Re: [PATCH] sched: __fatal_signal_pending() should also check PF_EXITING
From: Eric W. Biederman
Date: Fri Jul 29 2022 - 12:18:31 EST
Tycho Andersen <tycho@tycho.pizza> writes:
> On Fri, Jul 29, 2022 at 12:04:17AM -0500, Eric W. Biederman wrote:
>> Tycho Andersen <tycho@tycho.pizza> writes:
>>
>> > On Thu, Jul 28, 2022 at 11:12:20AM +0200, Oleg Nesterov wrote:
>
>> >> Finally. if fuse_flush() wants __fatal_signal_pending() == T when the
>> >> caller exits, perhaps it can do it itself? Something like
>> >>
>> >> if (current->flags & PF_EXITING) {
>> >> spin_lock_irq(siglock);
>> >> set_thread_flag(TIF_SIGPENDING);
>> >> sigaddset(¤t->pending.signal, SIGKILL);
>> >> spin_unlock_irq(siglock);
>> >> }
>> >>
>> >> Sure, this is ugly as hell. But perhaps this can serve as a workaround?
>> >
>> > or even just
>> >
>> > if (current->flags & PF_EXITING)
>> > return;
>> >
>> > since we don't have anyone to send the result of the flush to anyway.
>> > If we don't end up converging on a fix here, I'll just send that
>> > patch.
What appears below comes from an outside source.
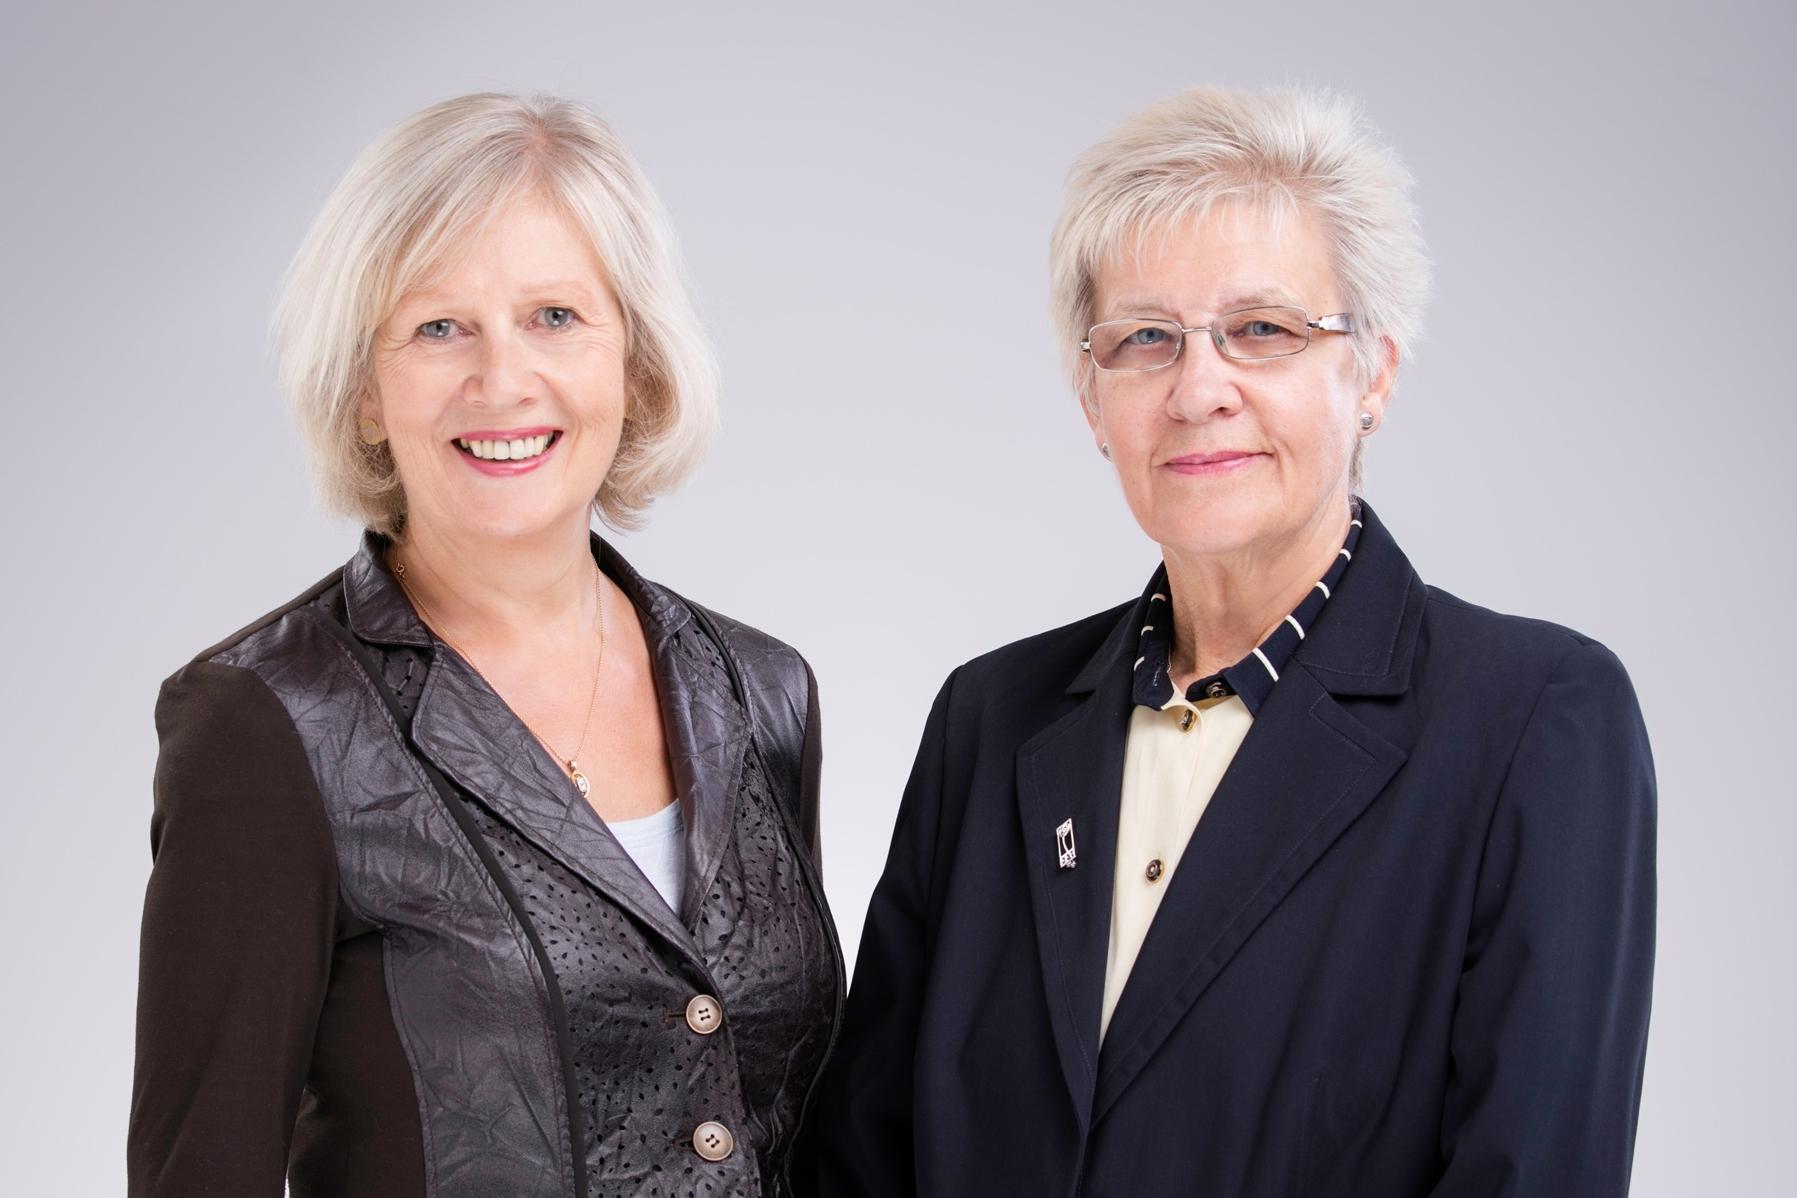 CO-FOUNDERS OF wish:  EVE WARREN & Meg maunder

Thanks for the suggestion.
>>
>> If that was limited to the case you care about that would be reasonable.
>>
>> That will have an effect on any time a process that opens files on a
>> fuse filesystem exits and depends upon the exit path to close it's file
>> descriptors to the fuse filesystem.
>>
>>
>> I do see a plausible solution along those lines.
>>
>> In fuse_flush instead of using fuse_simple_request call an equivalent
>> function that when PF_EXITING is true skips calling request_wait_answer.
>> Or perhaps when PF_EXITING is set uses schedule_work to call the
>> request_wait_answer.
>
> I don't see why this is any different than what I proposed. It changes
> the semantics to flush happening out-of-order with task exit, instead
> of strictly before, which you point out might be a problem. What am I
> missing?
What you proposed skips the flush operation entirely. Which means
that a fuse server that tracks opens and closes of a file descriptor
will see more opens than closes and will have a reference counting
problem (probably resulting in things not being freed).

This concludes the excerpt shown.